> [What is required]:
Look below for the line that has "Boys black wash fleece lined denim jacket"; output exactly from it through the line that has "Indian_Creek_Country_Club_Omaha_Wedding_Danielle_Paul-373.jpg", and leave the pictures out.

> [Records to process]:
- Opening Delimiter -

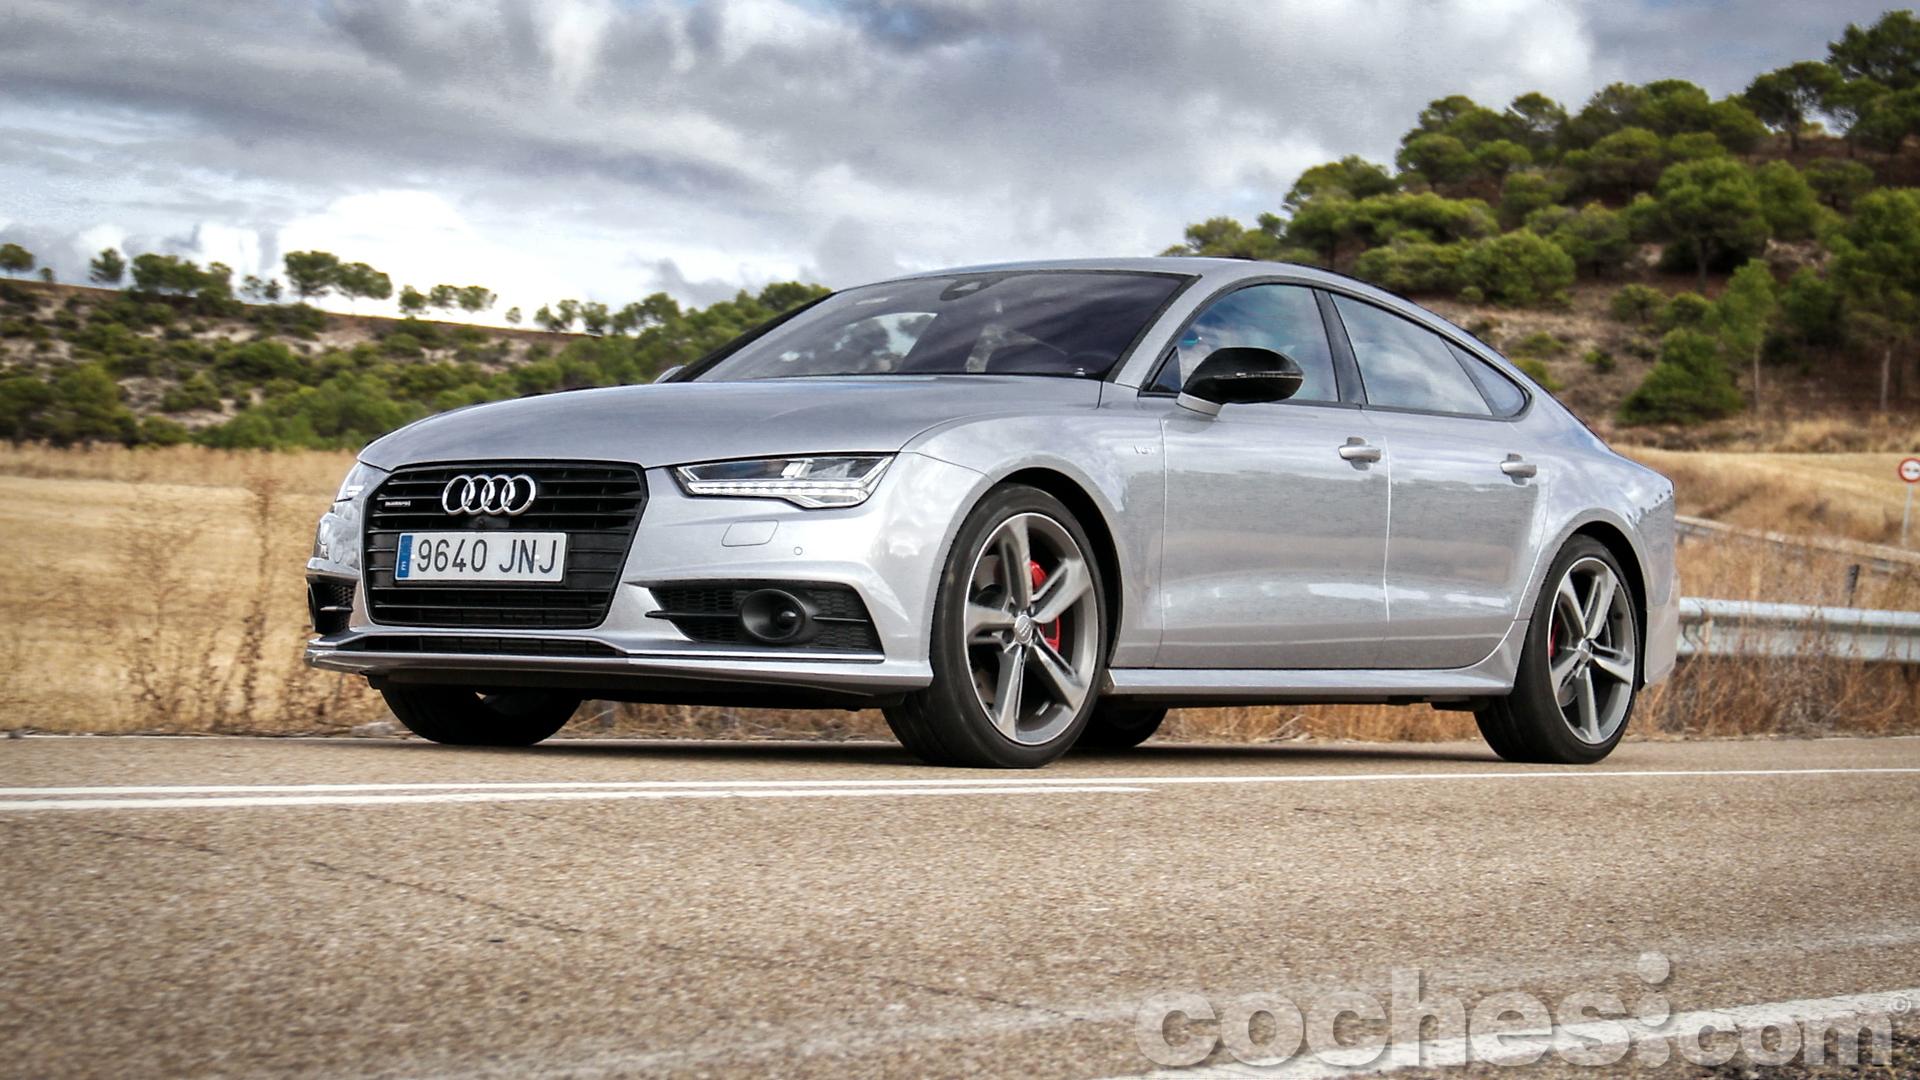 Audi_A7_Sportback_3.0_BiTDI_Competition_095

- Closing Delimiter -
- Opening Delimiter -

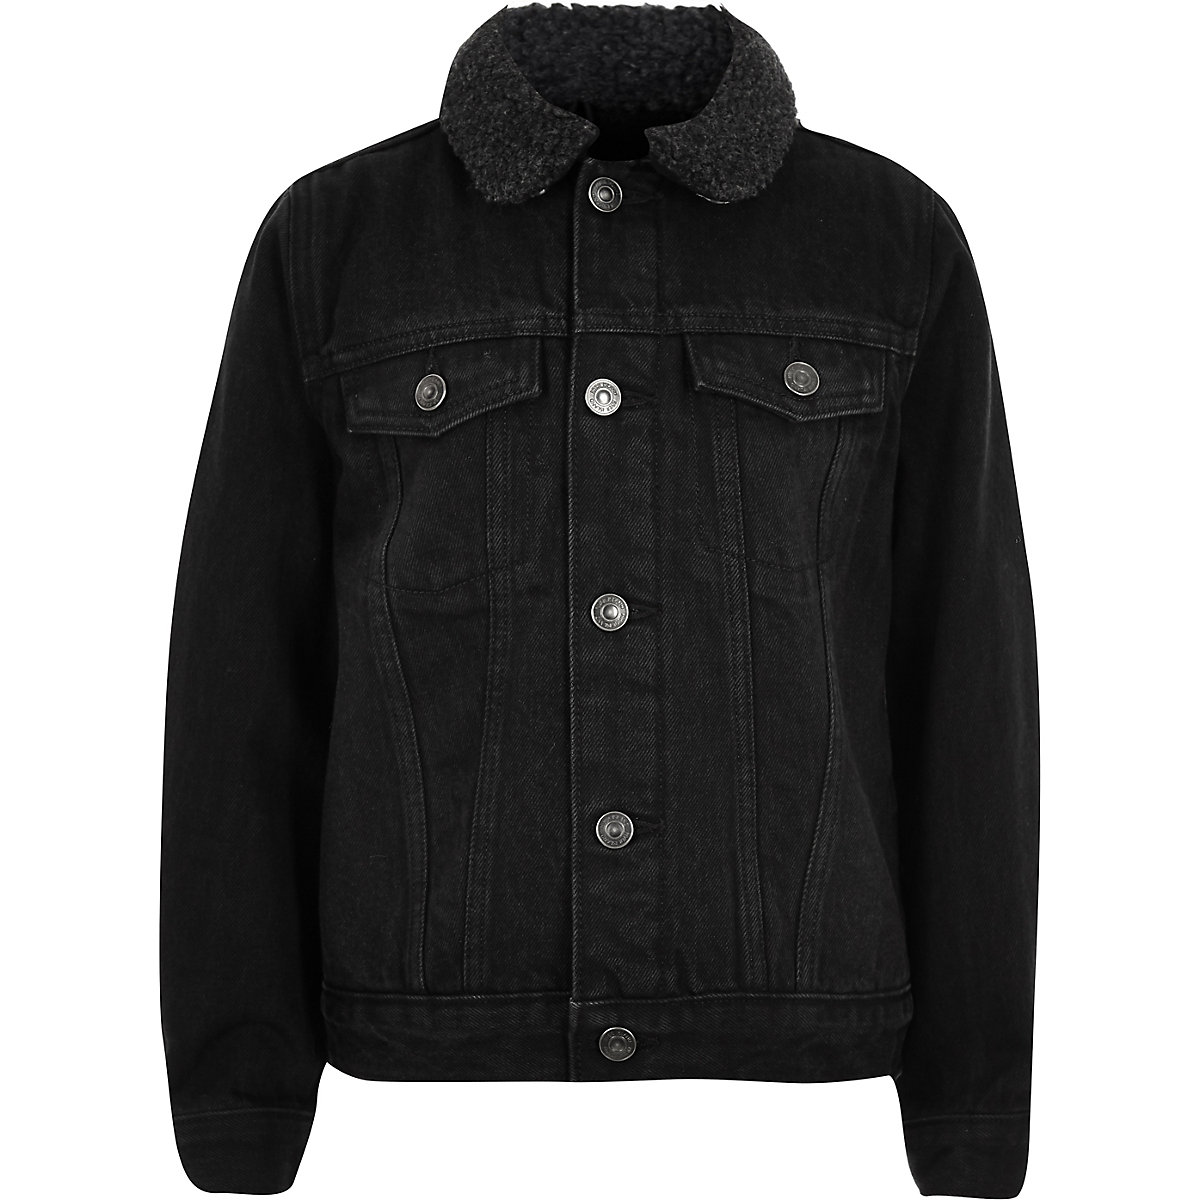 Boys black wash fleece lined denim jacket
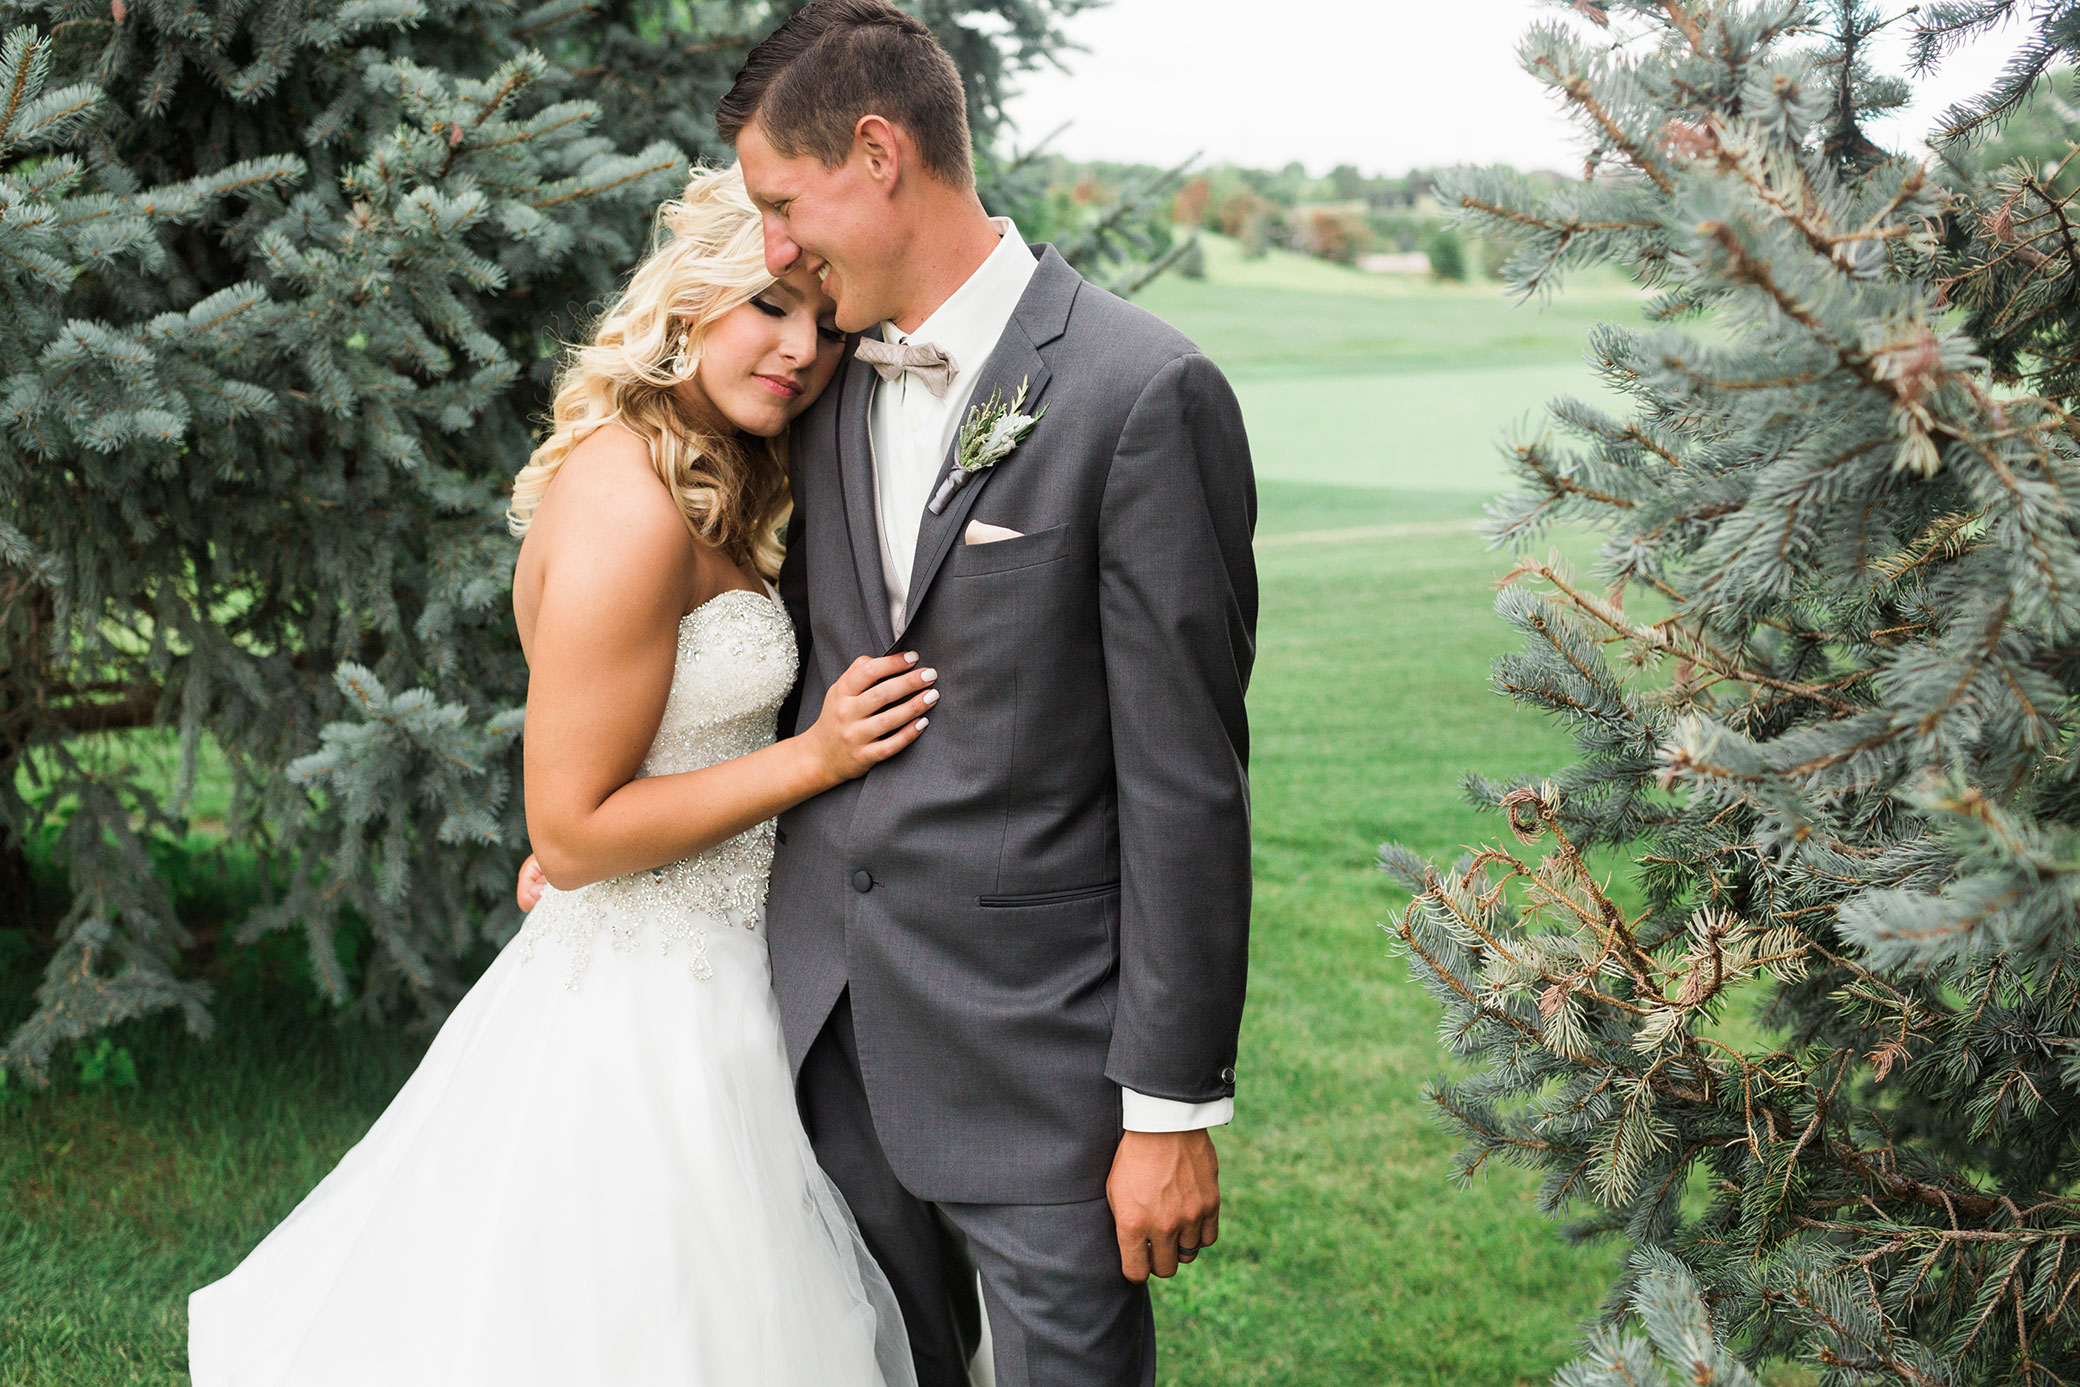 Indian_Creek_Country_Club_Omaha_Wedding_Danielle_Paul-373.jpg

- Closing Delimiter -

> [Completed exercise]:
 Boys black wash fleece lined denim jacket
 Indian_Creek_Country_Club_Omaha_Wedding_Danielle_Paul-373.jpg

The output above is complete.